The US military and diplomatic withdrawal from Afghanistan is widely seen as one of the darkest moments of Biden’s presidency. During two tense weeks in August 2021, the US watched as the Taliban advanced in a lightning offensive to take over the country, sweeping through Kabul as the internationally recognized Afghan government and military crumbled.

The administration evacuated about 125,000 people during those two weeks, but tens of thousands of vulnerable Afghans who worked alongside U.S. forces were initially left behind and pathways to immigration to the U.S. were caught in a bureaucratic backlog.

The withdrawal was marked by hectic scenes of civilians storming Kabul’s Hamid Karzai International Airport and departing planes.
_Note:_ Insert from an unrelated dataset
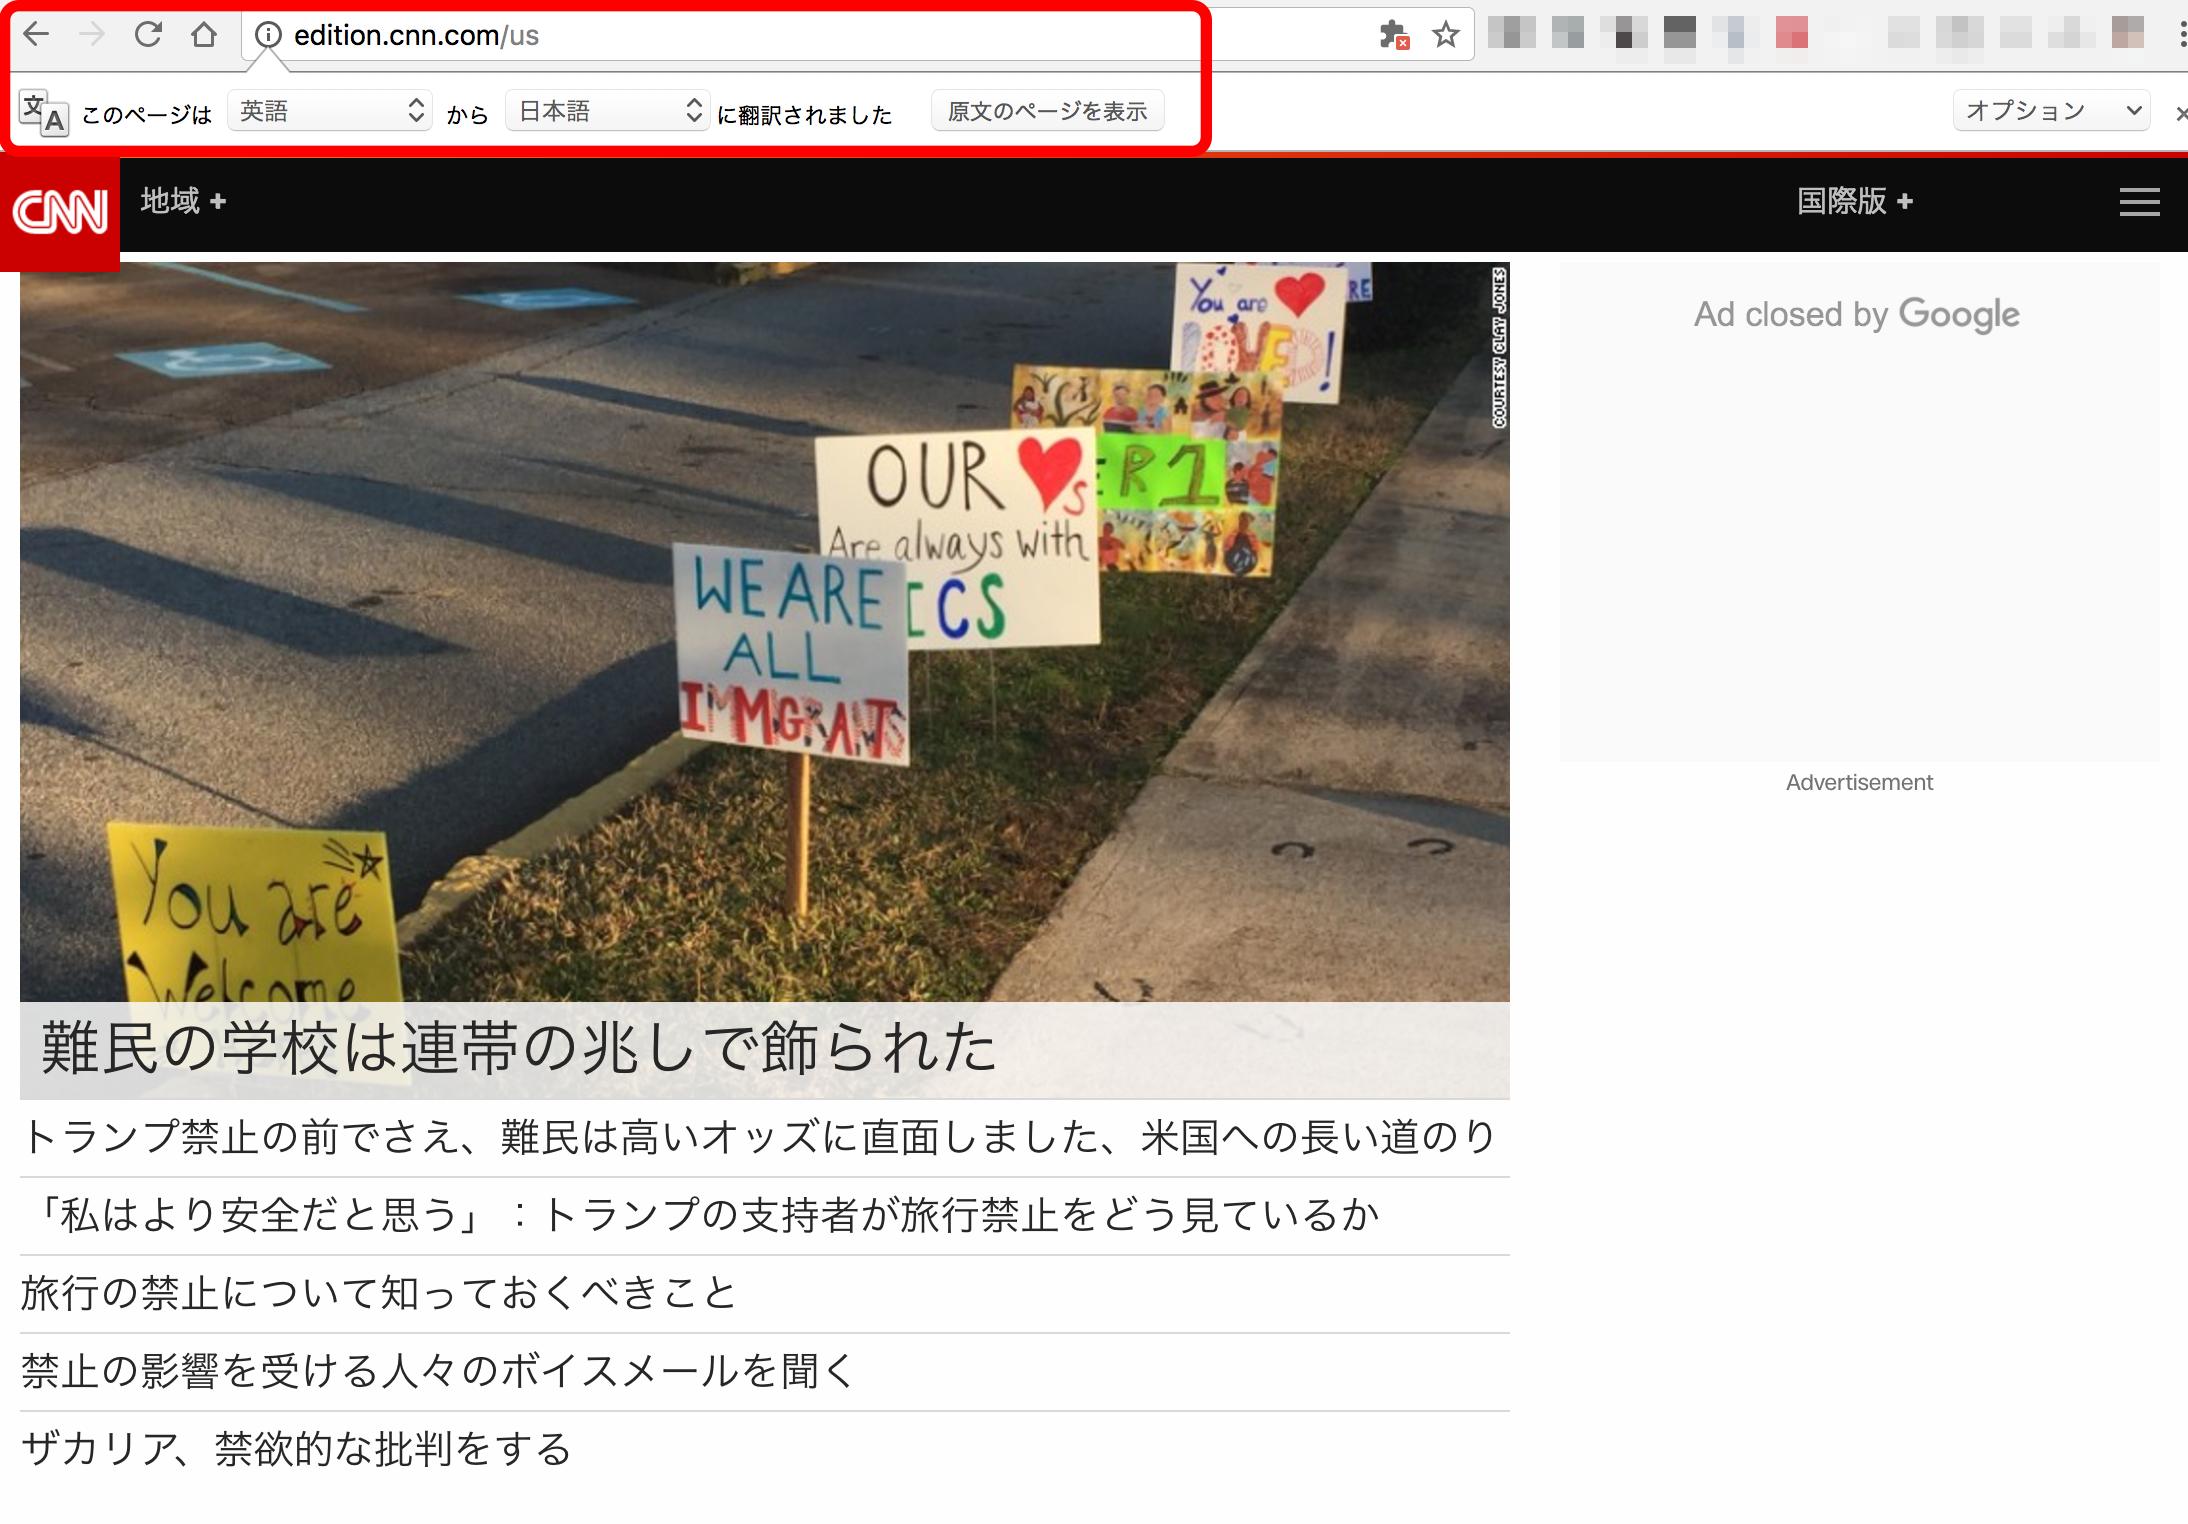 1クリックでページ全体を翻訳してくれます

A deadly terrorist attack by the group ISIS-K left more than a dozen US forces dead.

“I don’t want there to be any more unnecessary Gold Star families in the future,” Dunleavy told The Hill.

“That’s what I worry about: If we don’t seek real accountability and seek real answers here, there will be no lessons learned. There will be no accountability, no one will feel that a major change in mentality is necessary. No one will really absorb the fact that it was a huge loss. We lost a two-decade war and we better take it seriously if we don’t want to lose the next one.”